## EXERCISE REQUIREMENTS
Lines from the one containing "Armani Privé Bleu" through the end of the listing are what is wanted, given again exactly with both ends included and pictures left out.

## GIVEN INFORMATION
----

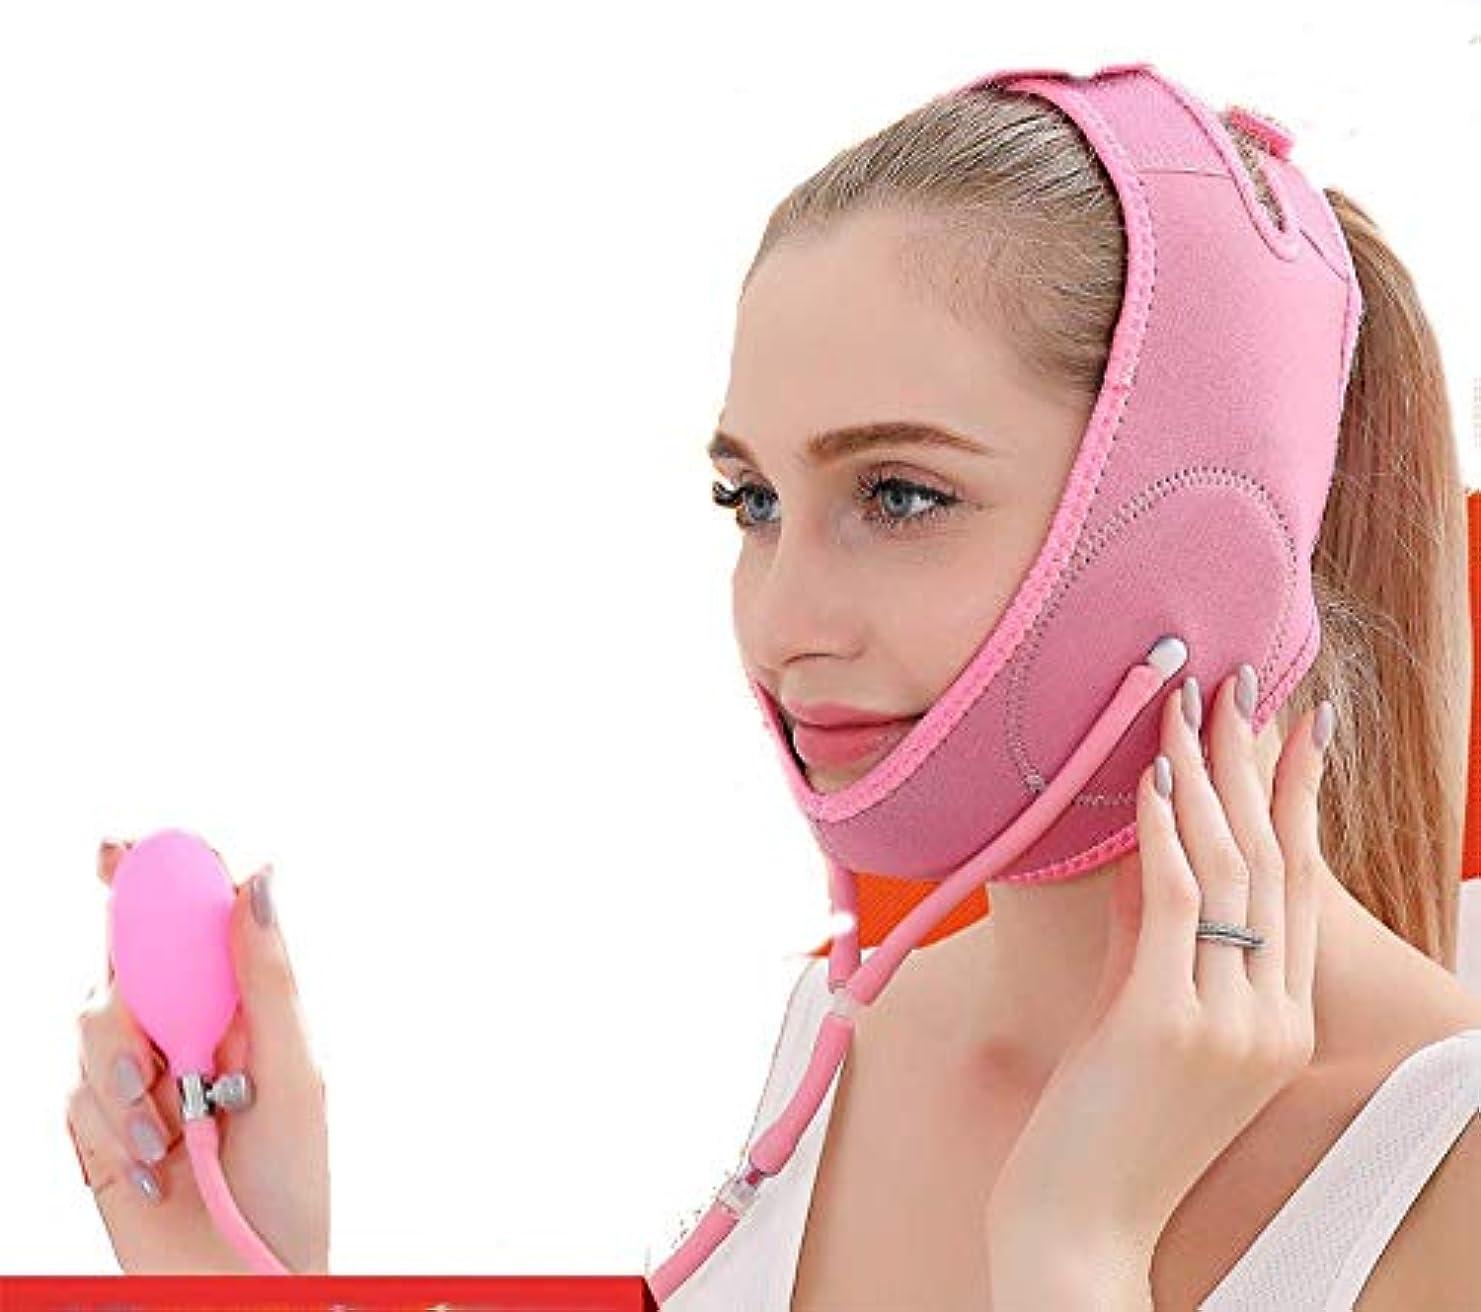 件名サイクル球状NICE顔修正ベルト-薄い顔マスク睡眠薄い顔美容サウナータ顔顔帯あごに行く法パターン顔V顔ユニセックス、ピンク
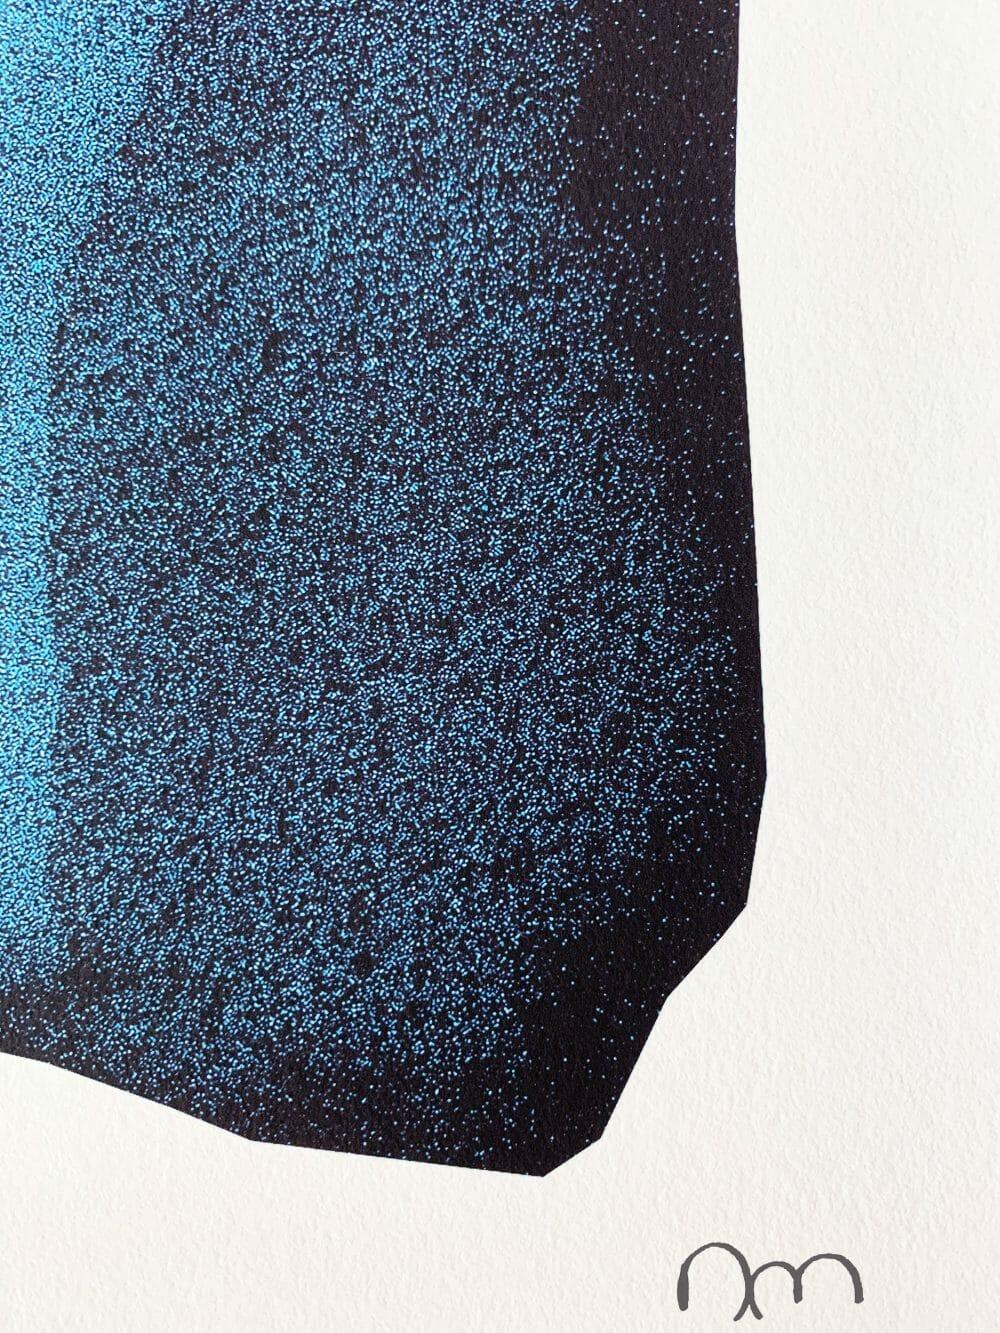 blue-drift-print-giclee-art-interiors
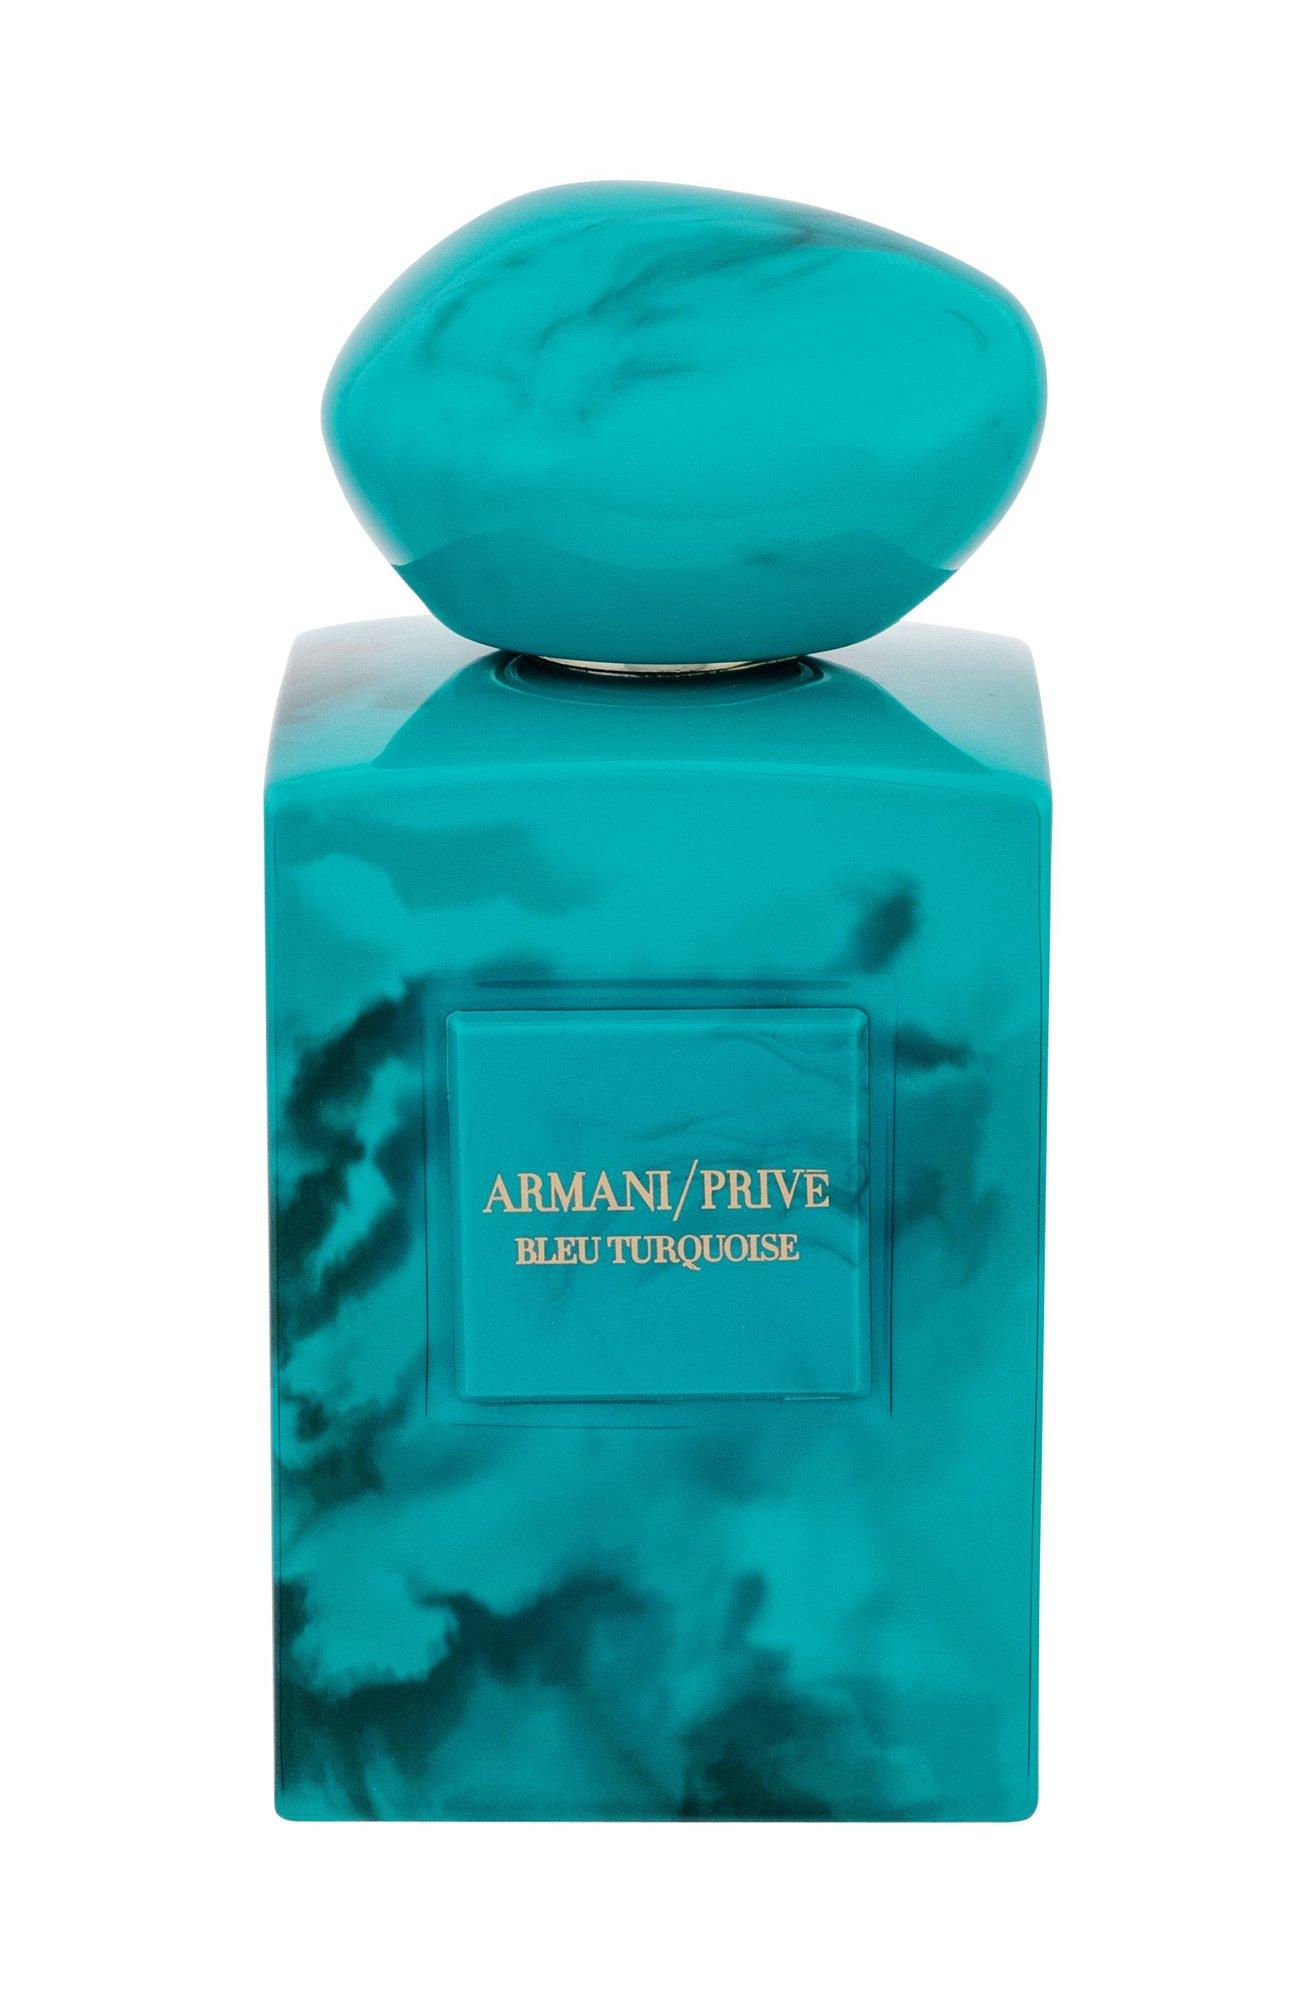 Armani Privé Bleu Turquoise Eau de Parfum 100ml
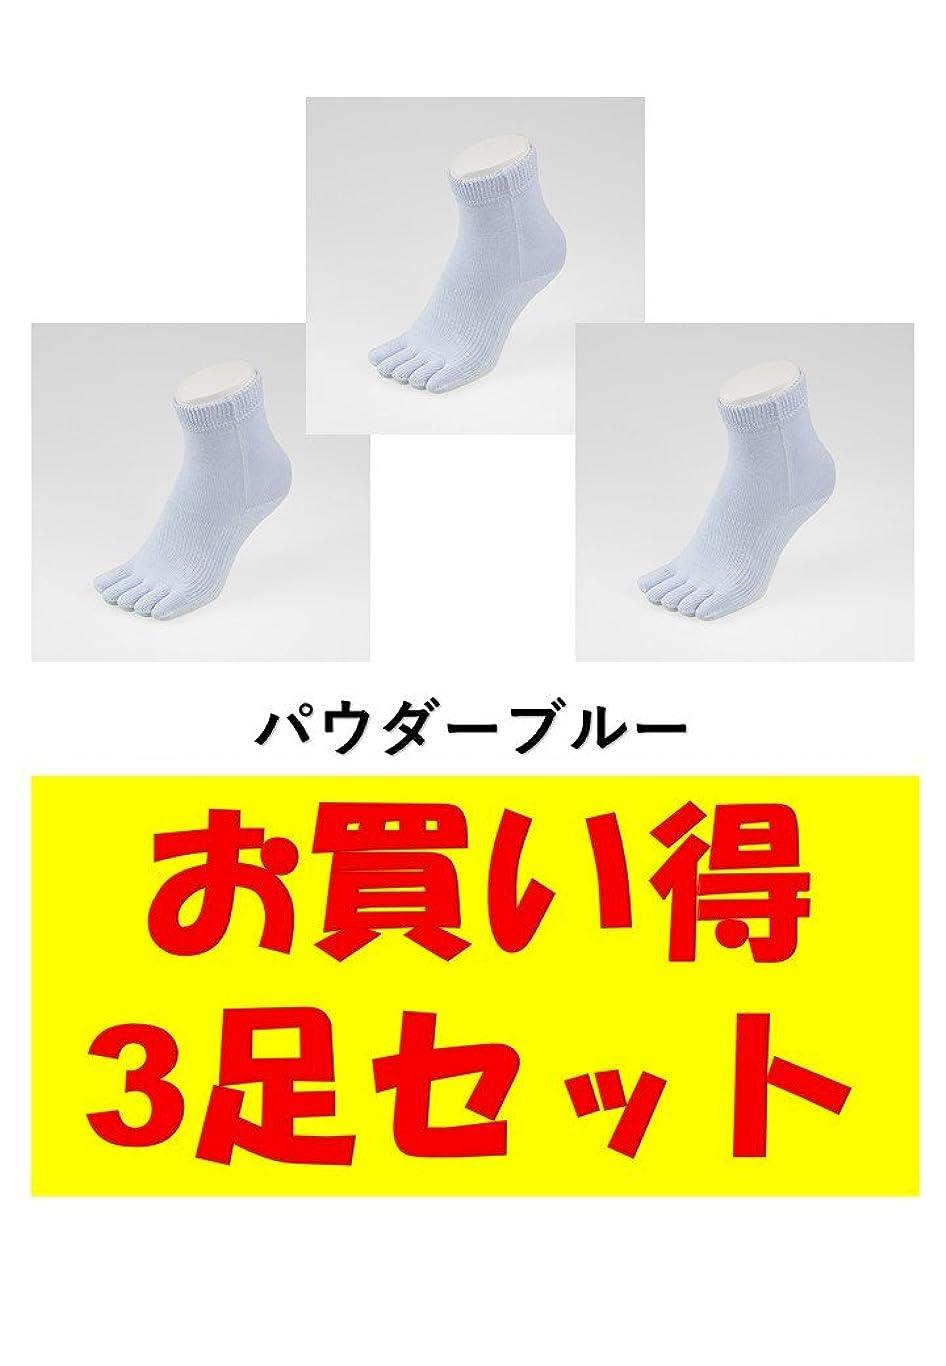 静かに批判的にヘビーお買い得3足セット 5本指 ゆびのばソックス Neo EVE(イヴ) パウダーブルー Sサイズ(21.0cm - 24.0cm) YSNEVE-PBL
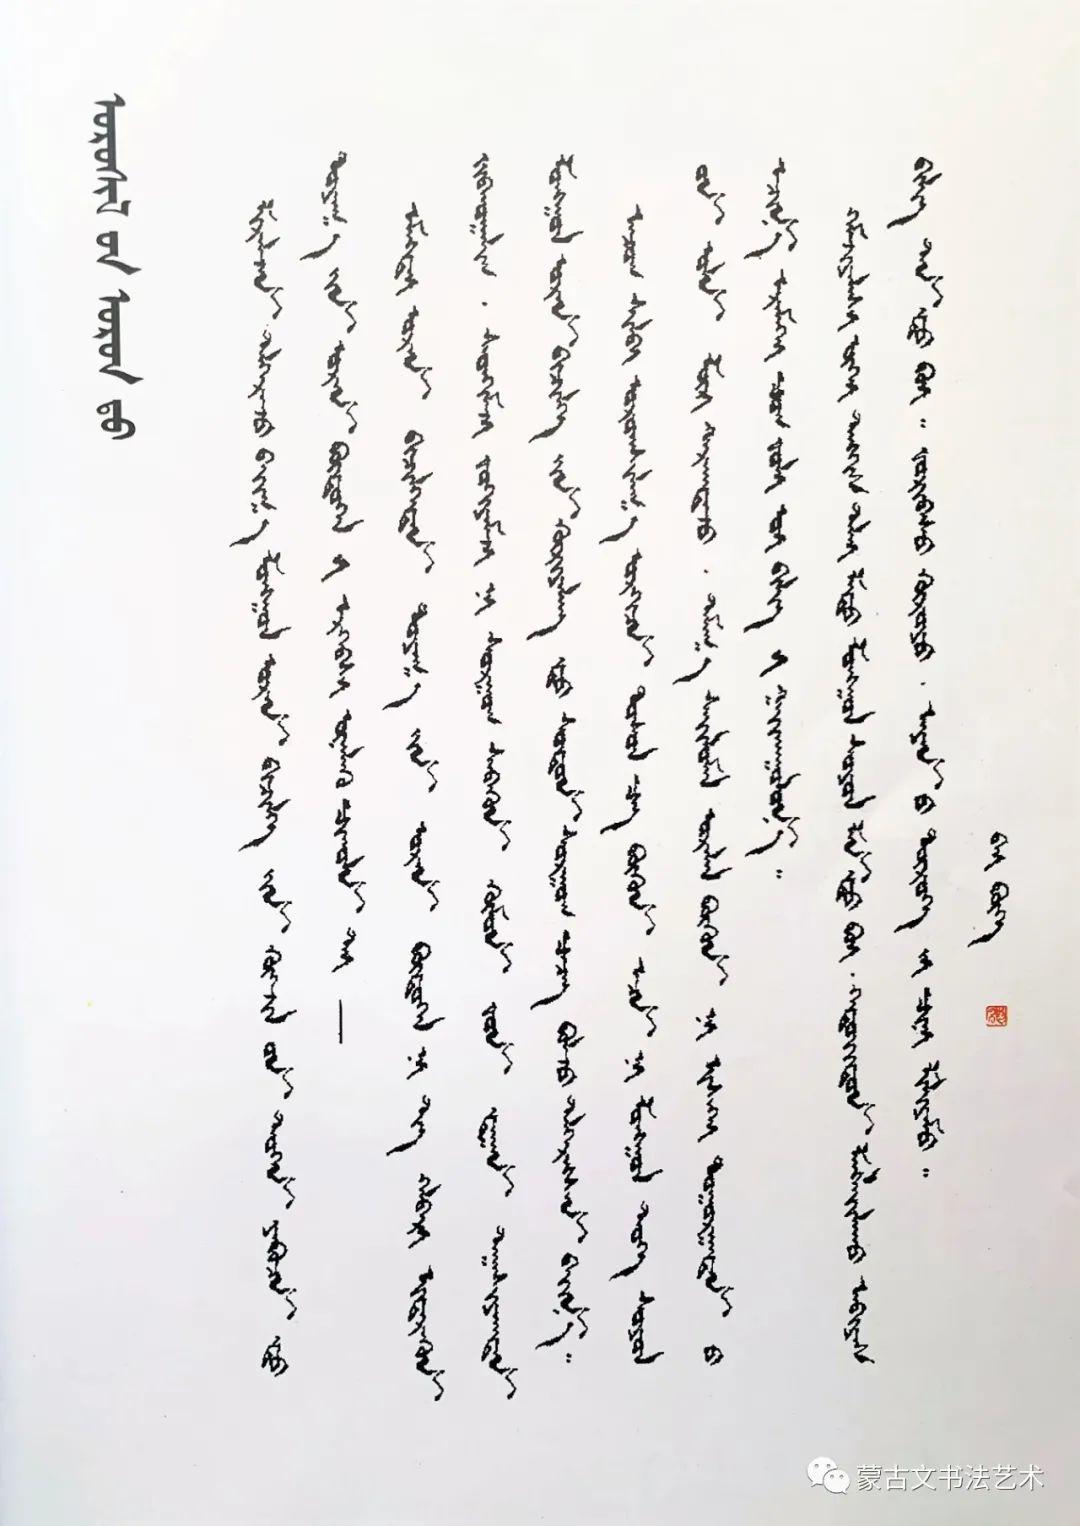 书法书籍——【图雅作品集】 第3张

----

## YOUR SOLUTION
 Armani Privé Bleu Turquoise Eau de Parfum 100ml
 静かに批判的にヘビーお買い得3足セット 5本指 ゆびのばソックス Neo EVE(イヴ) パウダーブルー Sサイズ(21.0cm - 24.0cm) YSNEVE-PBL
 书法书籍——【图雅作品集】 第3张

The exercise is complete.